### Task instructions
Line by line, repeat the material below exactly and leave the images out.

### Material provided
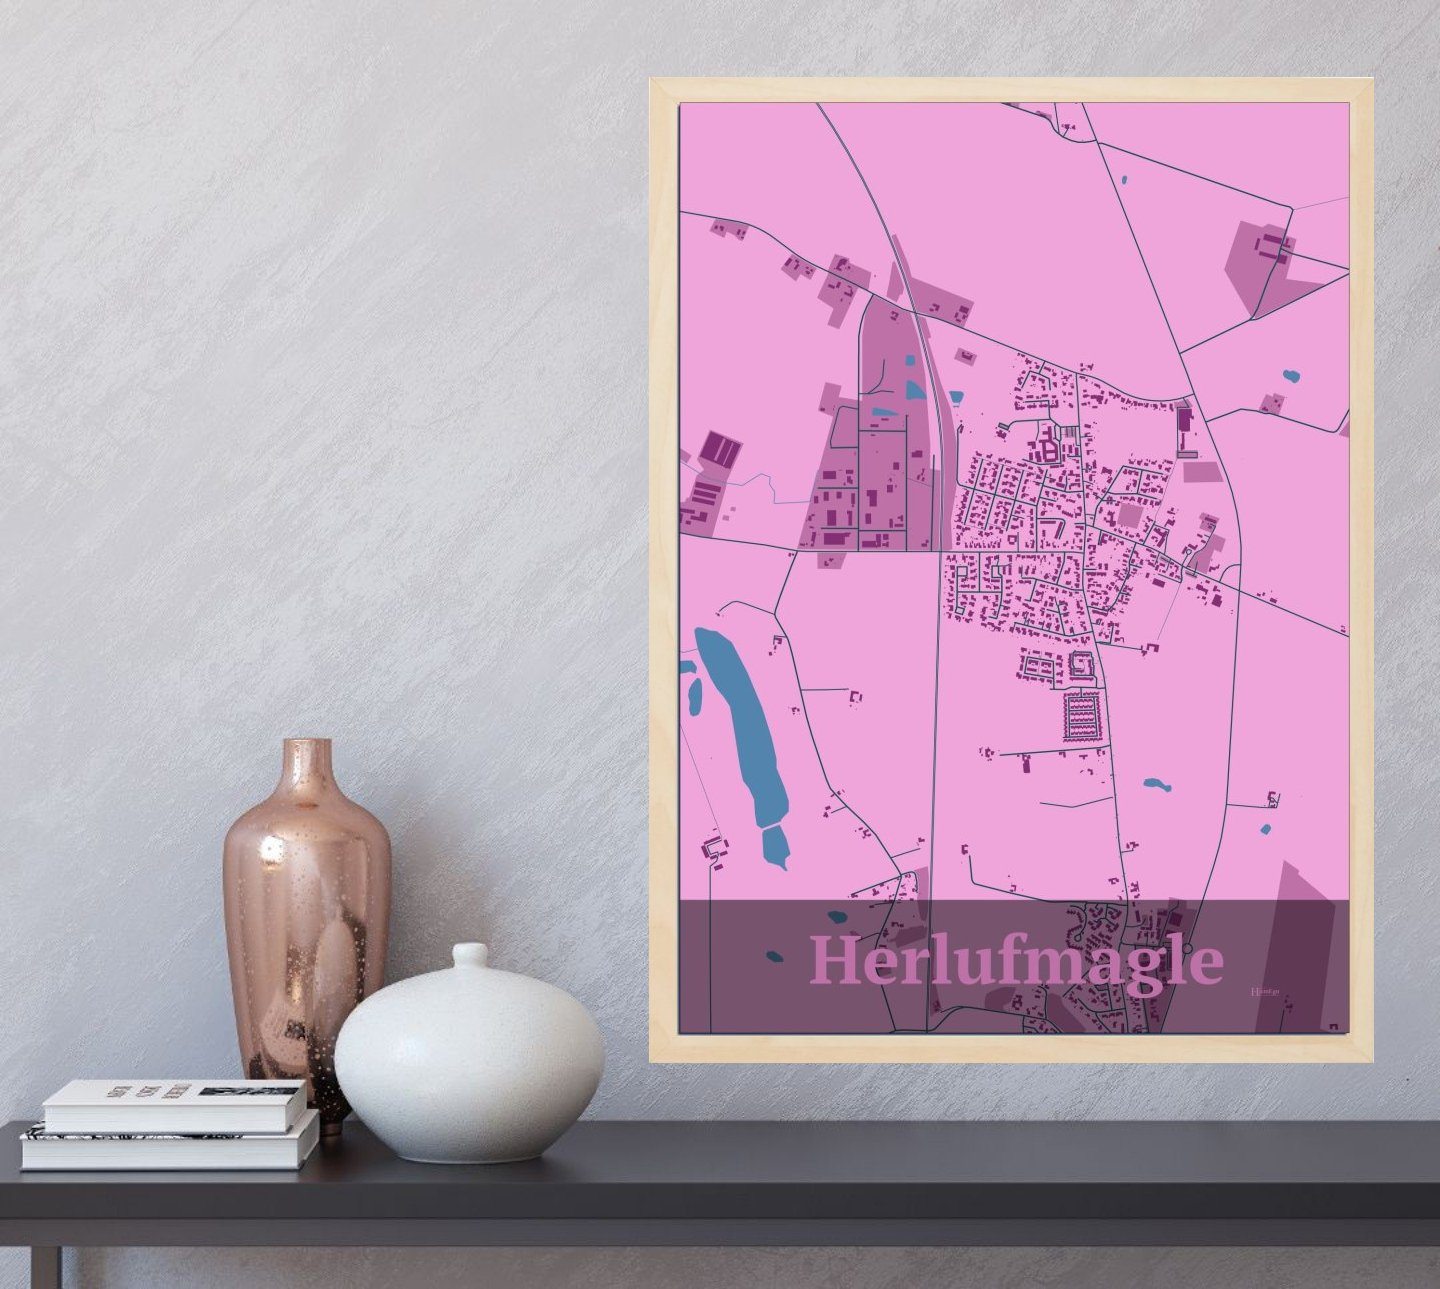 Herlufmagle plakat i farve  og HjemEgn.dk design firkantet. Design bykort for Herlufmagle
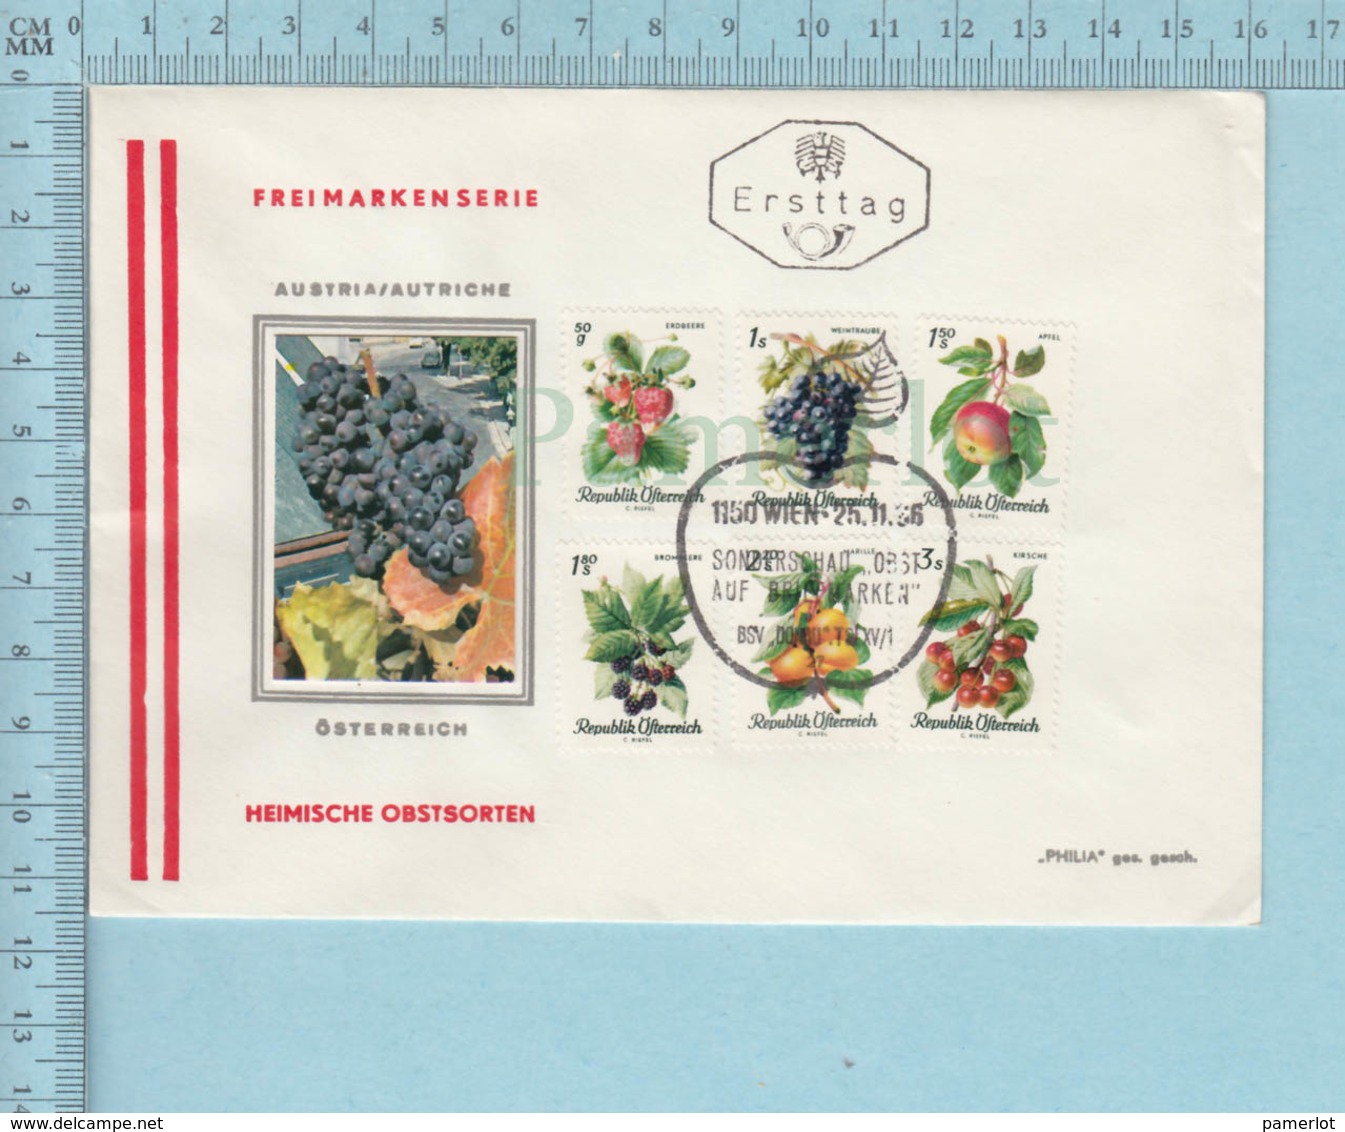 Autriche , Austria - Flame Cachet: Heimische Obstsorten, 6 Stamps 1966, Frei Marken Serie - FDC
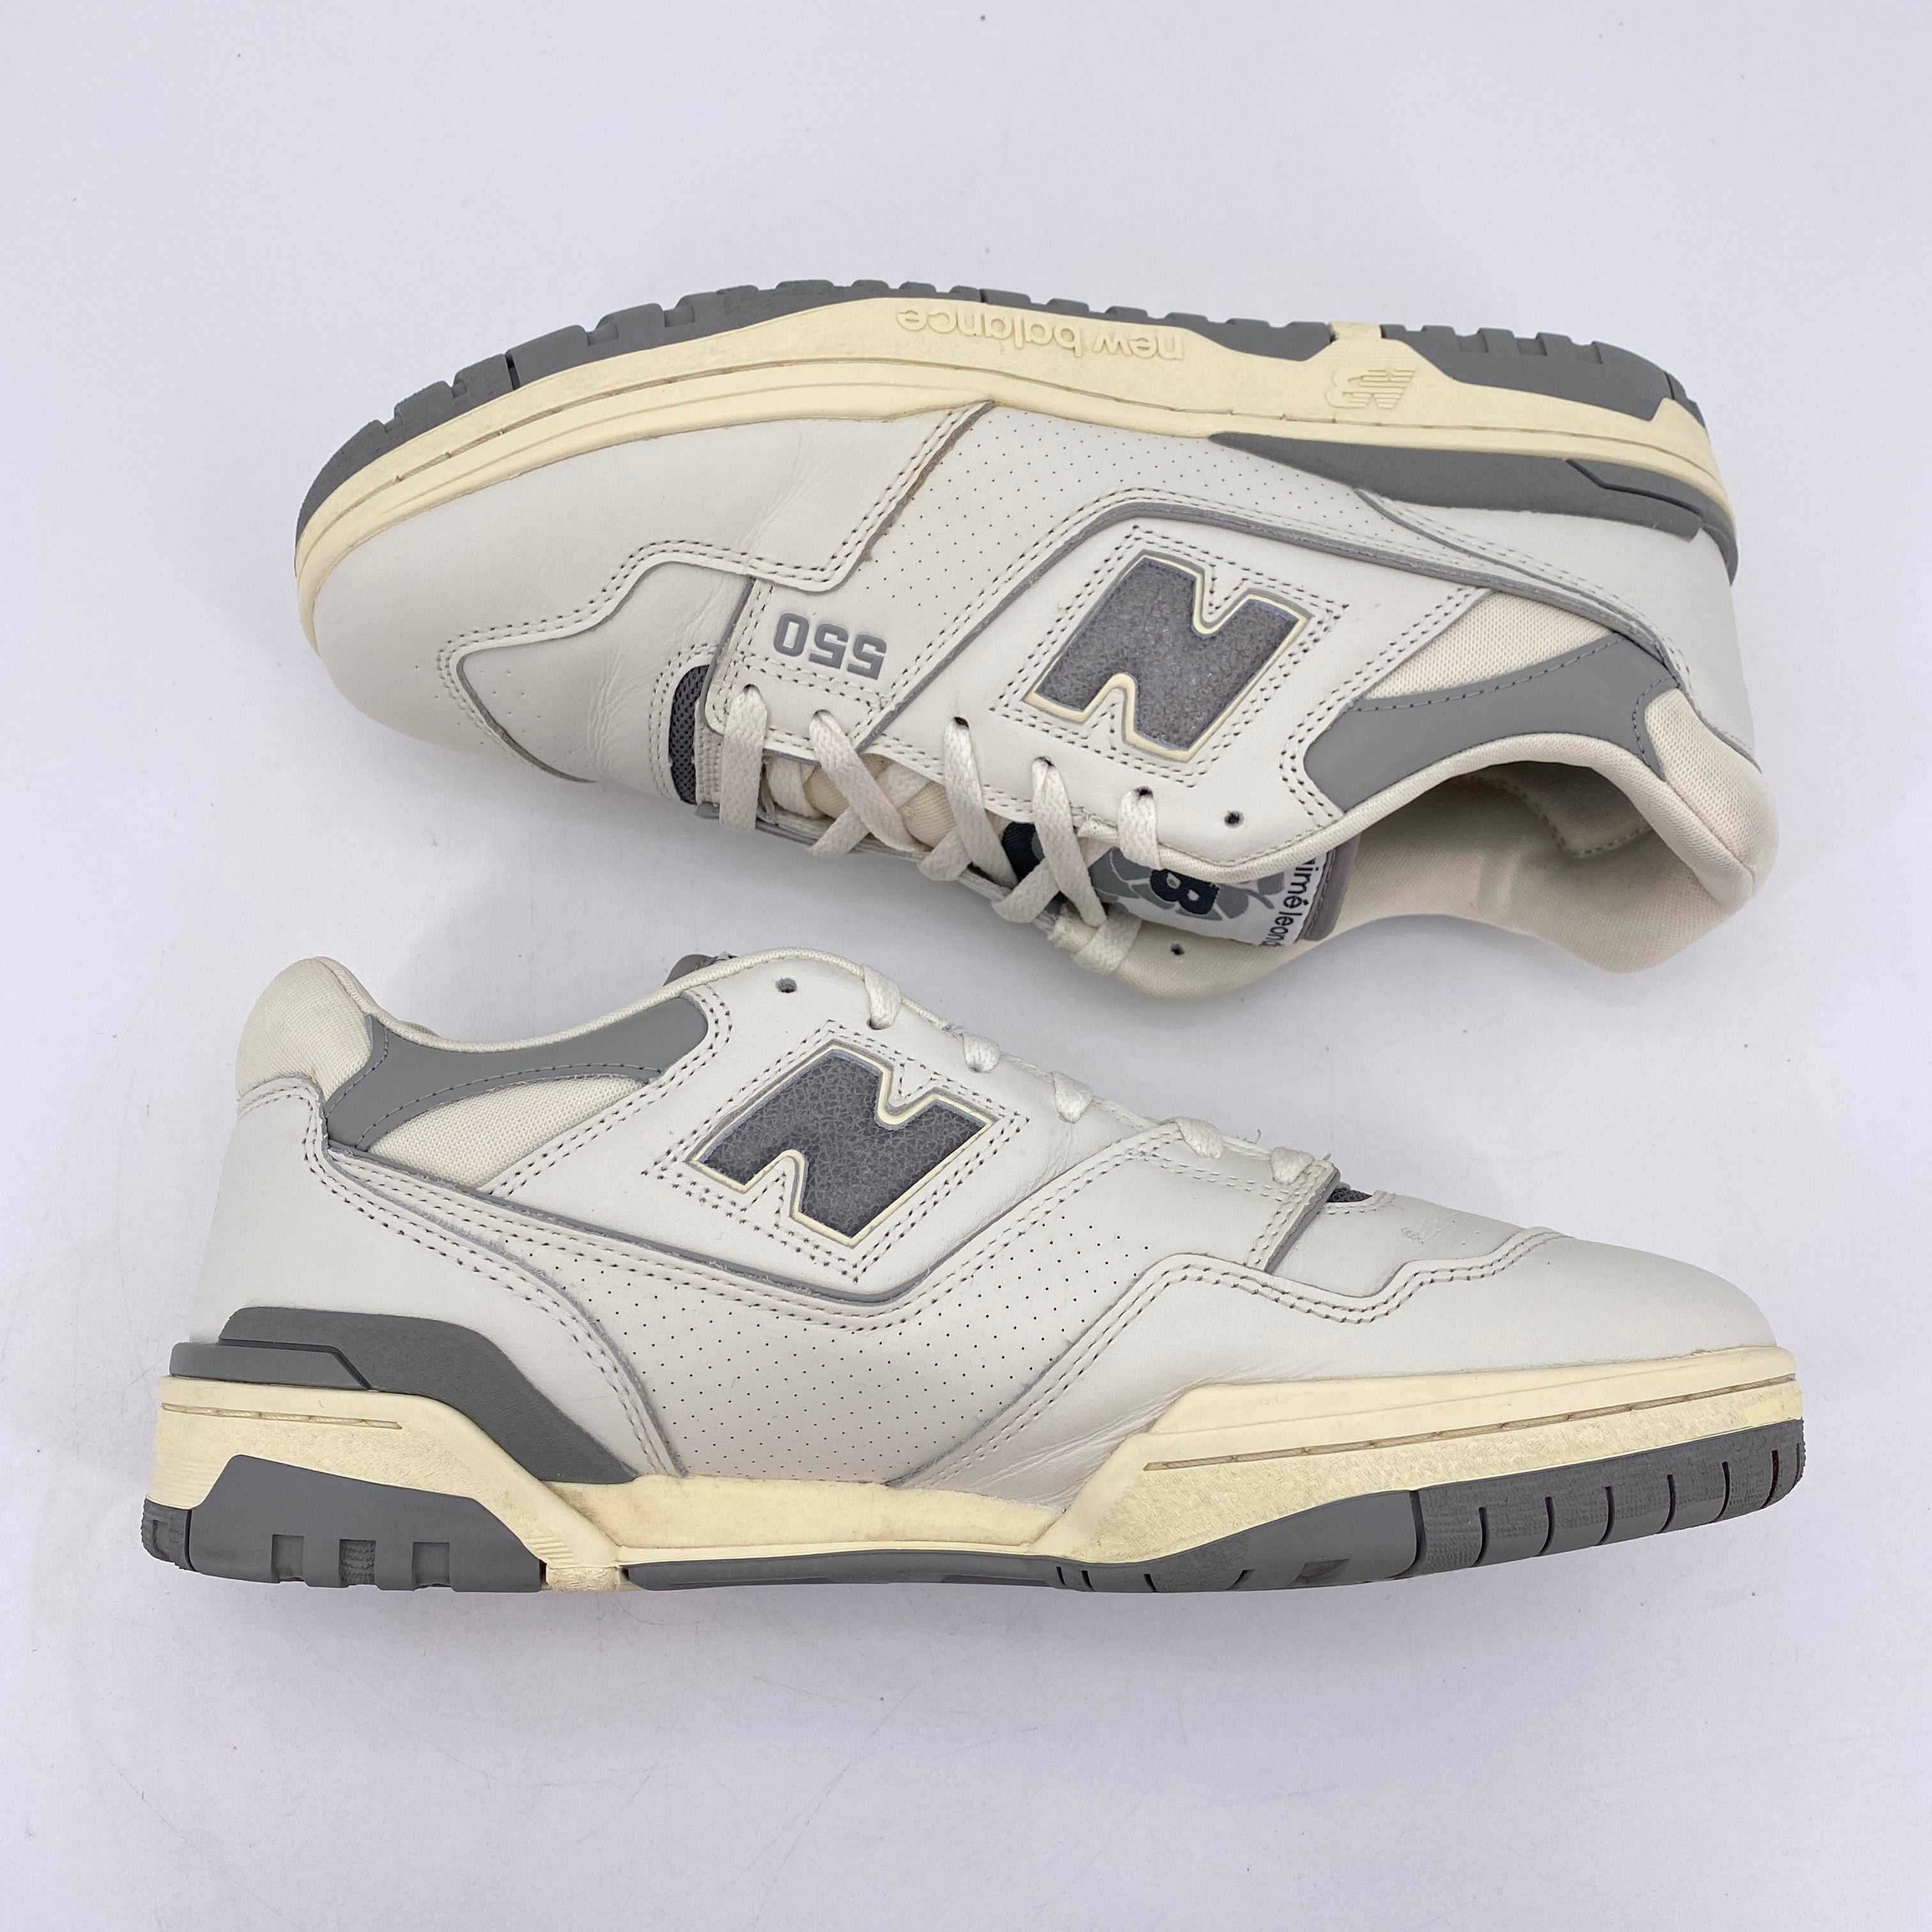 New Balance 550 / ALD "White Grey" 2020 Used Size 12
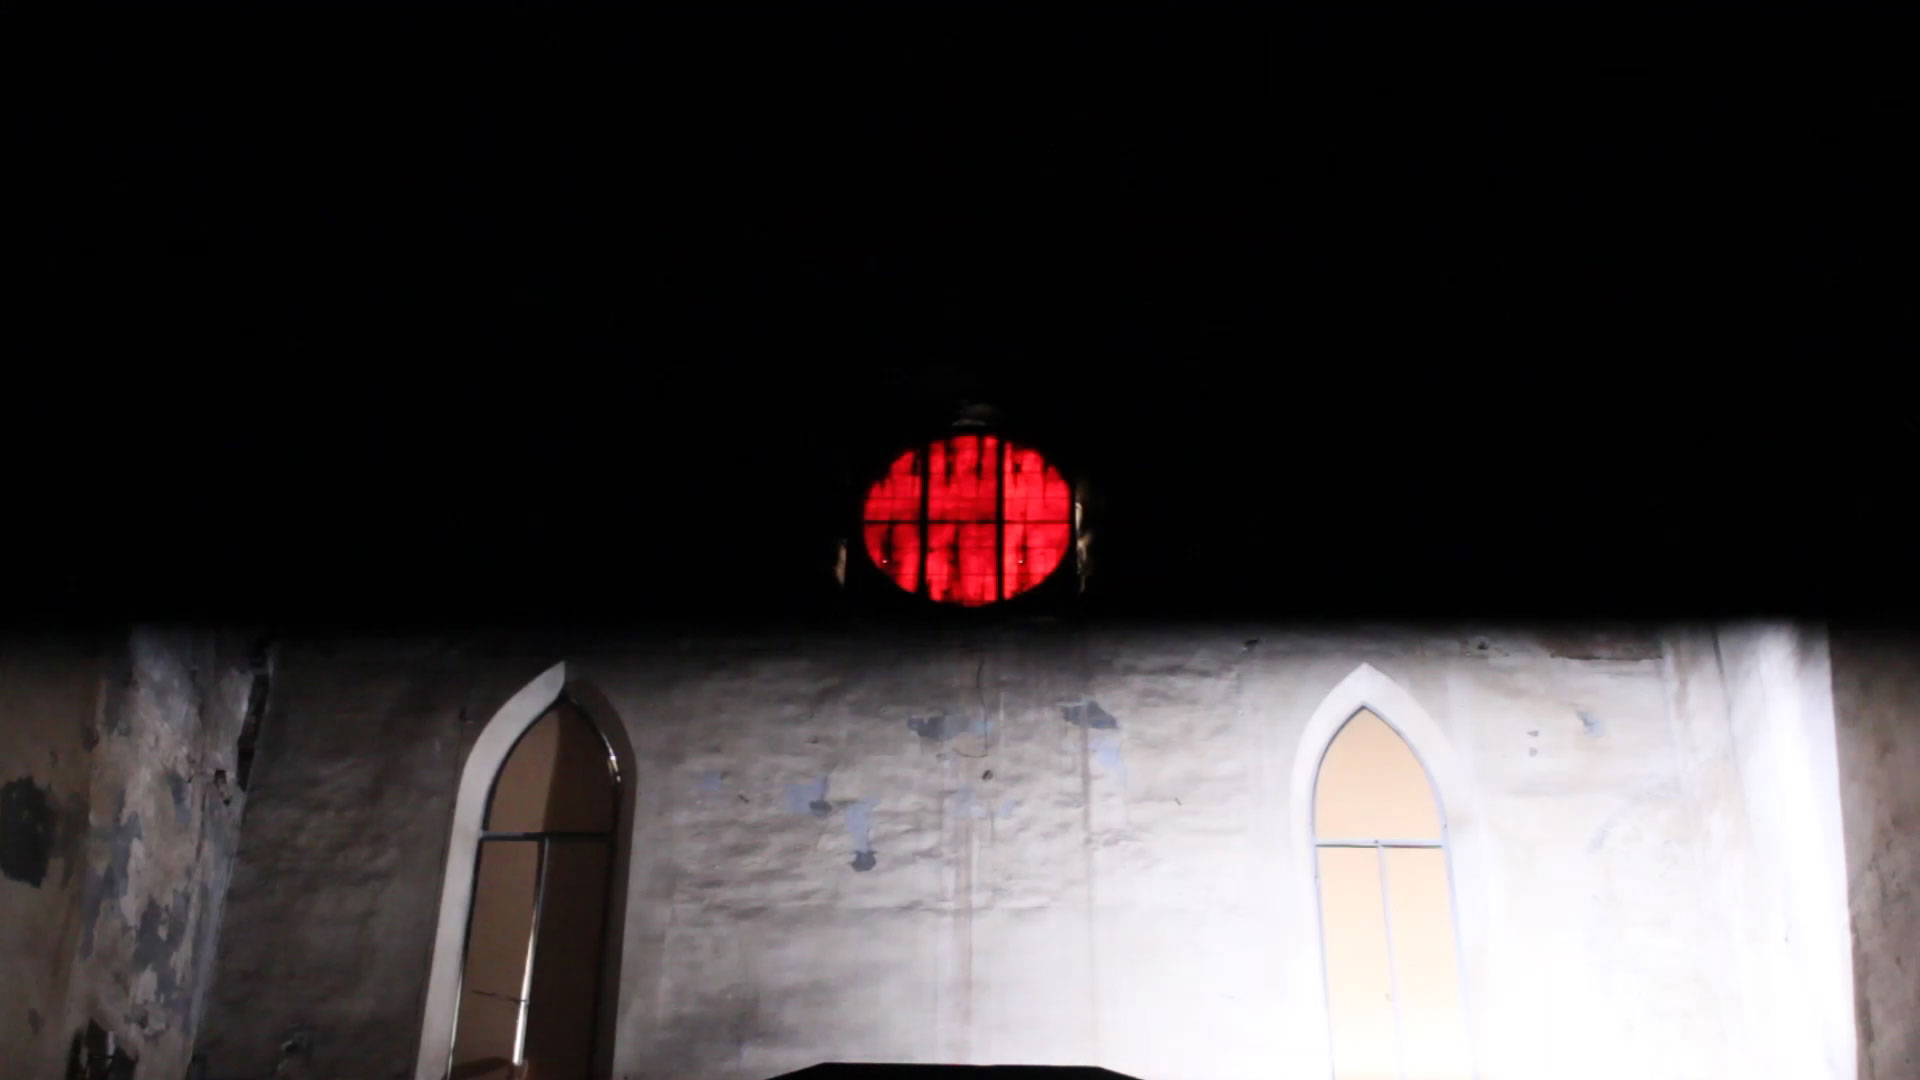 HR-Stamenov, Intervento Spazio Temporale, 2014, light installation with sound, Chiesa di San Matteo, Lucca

### Problem solution
 Herlufmagle plakat i farve  og HjemEgn.dk design firkantet. Design bykort for Herlufmagle
 Autriche , Austria - Flame Cachet: Heimische Obstsorten, 6 Stamps 1966, Frei Marken Serie - FDC
 New Balance 550 / ALD "White Grey" 2020 Used Size 12
 HR-Stamenov, Intervento Spazio Temporale, 2014, light installation with sound, Chiesa di San Matteo, Lucca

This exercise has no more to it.